Variational Resummation of $\epsilon$-Expansions of Critical Exponents of Nonlinear O(N)-Symmetric $\sigma$-Model in $2+\epsilon$ Dimensions

TL;DR

This paper introduces a variational resummation technique to accurately determine critical exponents from epsilon-expansions of the nonlinear O(N) sigma-model in dimensions close to two, bridging weak and strong coupling regimes.

Contribution

The authors develop a novel variational resummation method that leverages epsilon-expansions as strong-coupling expansions, improving the accuracy of critical exponent calculations in nonlinear sigma-models.

Findings

Enhanced accuracy in critical exponent estimation near two dimensions

Established a link between epsilon-expansions and strong-coupling functions

Demonstrated the method using known expansion coefficients

Abstract

We develop a method for extracting accurate critical exponents from perturbation expansions of the O(n)-symmetric nonlinear sigma-model in D=2+ epsilon dimensions.
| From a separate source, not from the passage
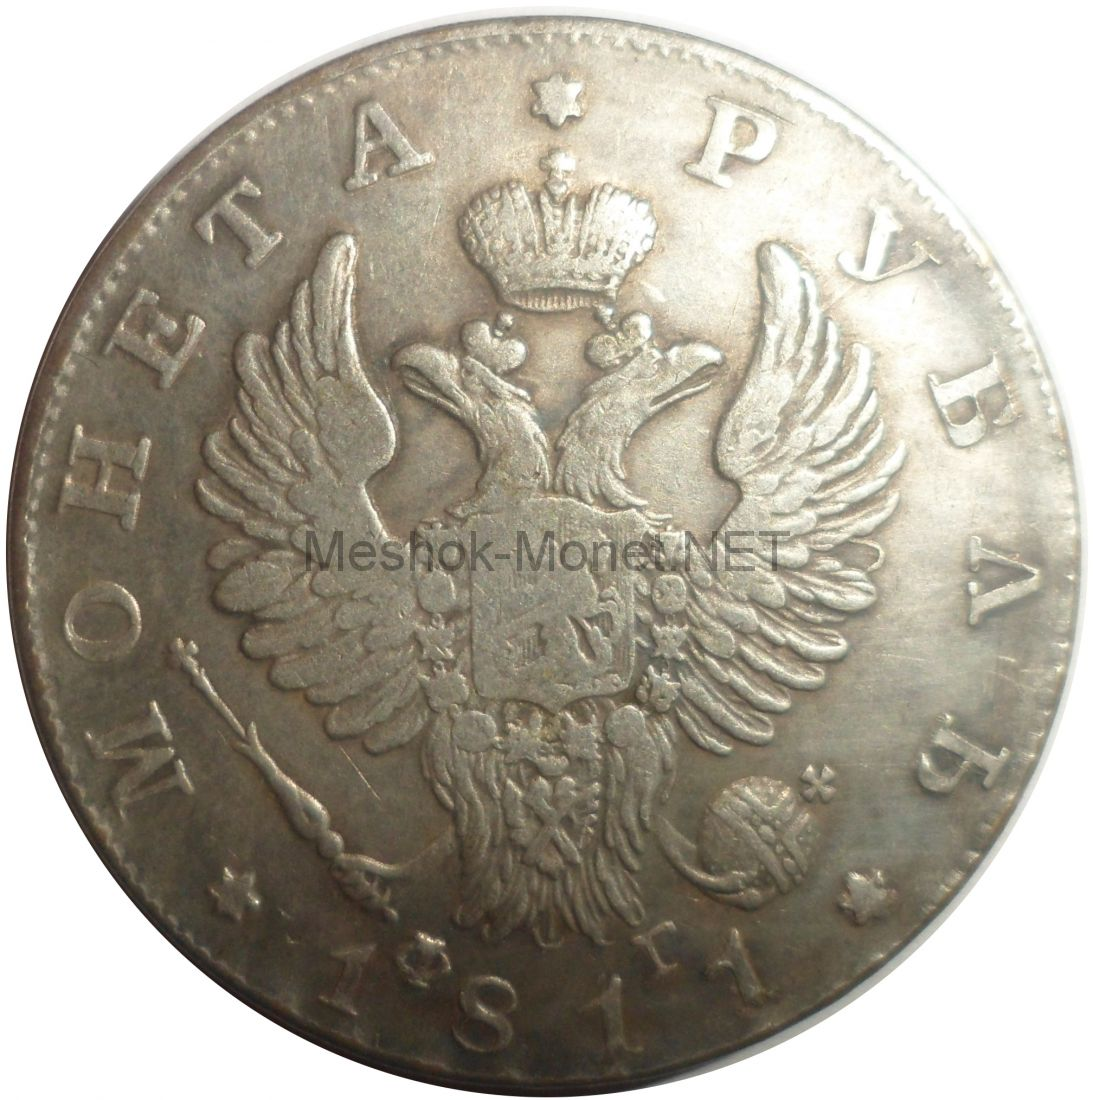 Копия монеты. Рубль 1811 года ФГ. Александра 1

This is possible by considering the epsilon-expansions in this model as strong-coupling expansions of functions of the variable tildevarepsilon = 2(4-D)/(D-2), whose first five weak-coupling expansion coefficients of powers of tildevarepsilon are known from varepsilon-expansions of critical exponents in O(n)-symmetric phi^4-theory in D=4-epsilon dimensions.